ACTION ITEM
Once every line below with "Movie" has been counted, state the total and nothing else.

[Start of Attachment]

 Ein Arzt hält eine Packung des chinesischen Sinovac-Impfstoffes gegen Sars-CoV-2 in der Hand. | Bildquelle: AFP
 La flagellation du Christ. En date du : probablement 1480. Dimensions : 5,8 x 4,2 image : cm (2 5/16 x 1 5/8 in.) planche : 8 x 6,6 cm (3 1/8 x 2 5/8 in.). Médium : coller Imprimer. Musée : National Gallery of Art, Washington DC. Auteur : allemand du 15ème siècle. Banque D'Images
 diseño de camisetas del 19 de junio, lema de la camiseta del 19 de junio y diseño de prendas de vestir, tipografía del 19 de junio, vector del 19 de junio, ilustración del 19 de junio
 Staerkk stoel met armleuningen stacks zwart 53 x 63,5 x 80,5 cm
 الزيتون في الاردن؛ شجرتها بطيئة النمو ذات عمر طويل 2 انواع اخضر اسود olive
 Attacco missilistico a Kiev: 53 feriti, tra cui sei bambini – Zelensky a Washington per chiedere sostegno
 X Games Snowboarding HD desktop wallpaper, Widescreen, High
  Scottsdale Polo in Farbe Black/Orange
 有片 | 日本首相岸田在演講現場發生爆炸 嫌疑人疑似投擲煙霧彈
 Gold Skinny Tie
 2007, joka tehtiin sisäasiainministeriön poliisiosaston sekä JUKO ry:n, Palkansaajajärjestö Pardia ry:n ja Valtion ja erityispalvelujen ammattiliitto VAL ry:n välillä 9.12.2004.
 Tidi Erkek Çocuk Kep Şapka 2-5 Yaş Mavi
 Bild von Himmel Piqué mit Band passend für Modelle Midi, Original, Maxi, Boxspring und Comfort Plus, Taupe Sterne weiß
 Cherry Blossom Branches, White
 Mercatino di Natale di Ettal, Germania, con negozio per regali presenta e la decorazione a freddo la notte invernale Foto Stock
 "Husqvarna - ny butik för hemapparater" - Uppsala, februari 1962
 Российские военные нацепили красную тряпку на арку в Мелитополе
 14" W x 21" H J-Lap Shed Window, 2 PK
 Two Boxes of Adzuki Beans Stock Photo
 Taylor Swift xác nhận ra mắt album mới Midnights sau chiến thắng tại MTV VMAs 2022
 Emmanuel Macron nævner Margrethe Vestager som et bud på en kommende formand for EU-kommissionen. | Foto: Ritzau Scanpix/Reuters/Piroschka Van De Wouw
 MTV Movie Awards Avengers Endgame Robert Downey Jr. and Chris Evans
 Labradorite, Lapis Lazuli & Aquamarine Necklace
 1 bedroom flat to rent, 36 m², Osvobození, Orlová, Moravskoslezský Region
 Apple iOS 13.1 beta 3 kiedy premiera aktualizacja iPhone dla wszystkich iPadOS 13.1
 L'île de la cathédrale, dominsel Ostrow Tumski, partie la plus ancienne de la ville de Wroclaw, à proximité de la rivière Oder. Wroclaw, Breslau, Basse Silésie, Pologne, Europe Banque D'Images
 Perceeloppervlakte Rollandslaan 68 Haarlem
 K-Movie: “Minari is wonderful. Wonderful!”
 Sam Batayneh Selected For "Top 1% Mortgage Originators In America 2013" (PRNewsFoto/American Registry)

[End of Attachment]

ANSWER FOR THE TASK
2